The reliability of a test is concerned with the accuracy of scoring and the accuracy of the administration procedures of the test.
In this paper the following key aspects of reliability are dealt with
- Facets: These refer to such factors as the (1) testing environment, e.g. the time of testing and the test setting, (2) test organisation, e.g. the sequence in which different questions are presented, and (3) the relative importance of different questions and topic content. Facets also include cultural differences between test takers, the attitude of the test taker, and whether the tester does such things as point out the importance of the test for a test-taker’s future.
- Features or conditions: These refer to such factors as clear instructions, unambiguous questions and items that do or do not permit guessing.
- The manner in which the test is scored. A central factor in this regard is rater reliability, i.e. the agreement between raters on scores and judgements related to a particular test. Rater reliability (consistency) becomes a problem mainly in the kind of tests that involve subjective judgements such as essay tests.
The bulk of the paper will focus on rater reliability.

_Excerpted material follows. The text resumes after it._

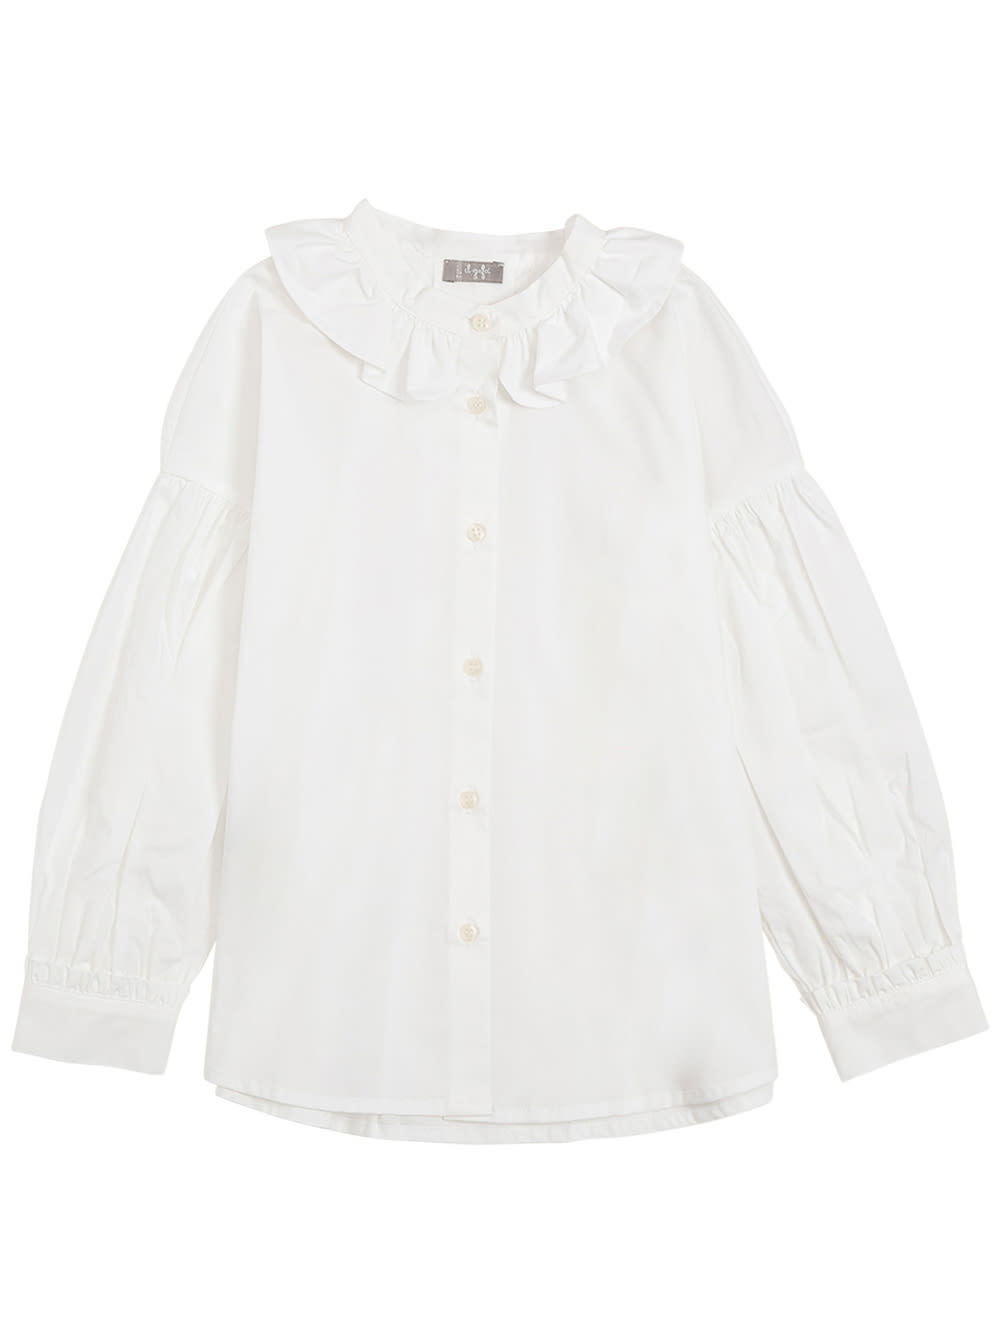 Il Gufo White Cotton Shirt With Ruffles

A major obstacle in test development has been the lack of agreement on what it means to know a language, which affects
WHAT aspects of language knowledge are tested; and
HOW these aspects are tested.
Validity and reliability are closely connected. Validity has to do with WHAT you are measuring, reliability with HOW. The WHAT of testing (validity) deals with the knowledge and skills that we are testing/measuring.
The HOW in reliability refers to THREE main things.
The first two are intrinsic to the 1. form(s) of test and to the 2. conditions under which it is taken (intrinsic reliability); the third is extrinsic to the test and to the test conditions.
The form of the test. The are several things to consider here:
clear instructions, unambiguous questions and items that do not permit guessing.
the sequence in which different questions are presented
the relative importance of different questions
if you give two different forms of a test to two different individuals, or groups, both forms of the test should be testing the same things and be of the same degree of difficulty.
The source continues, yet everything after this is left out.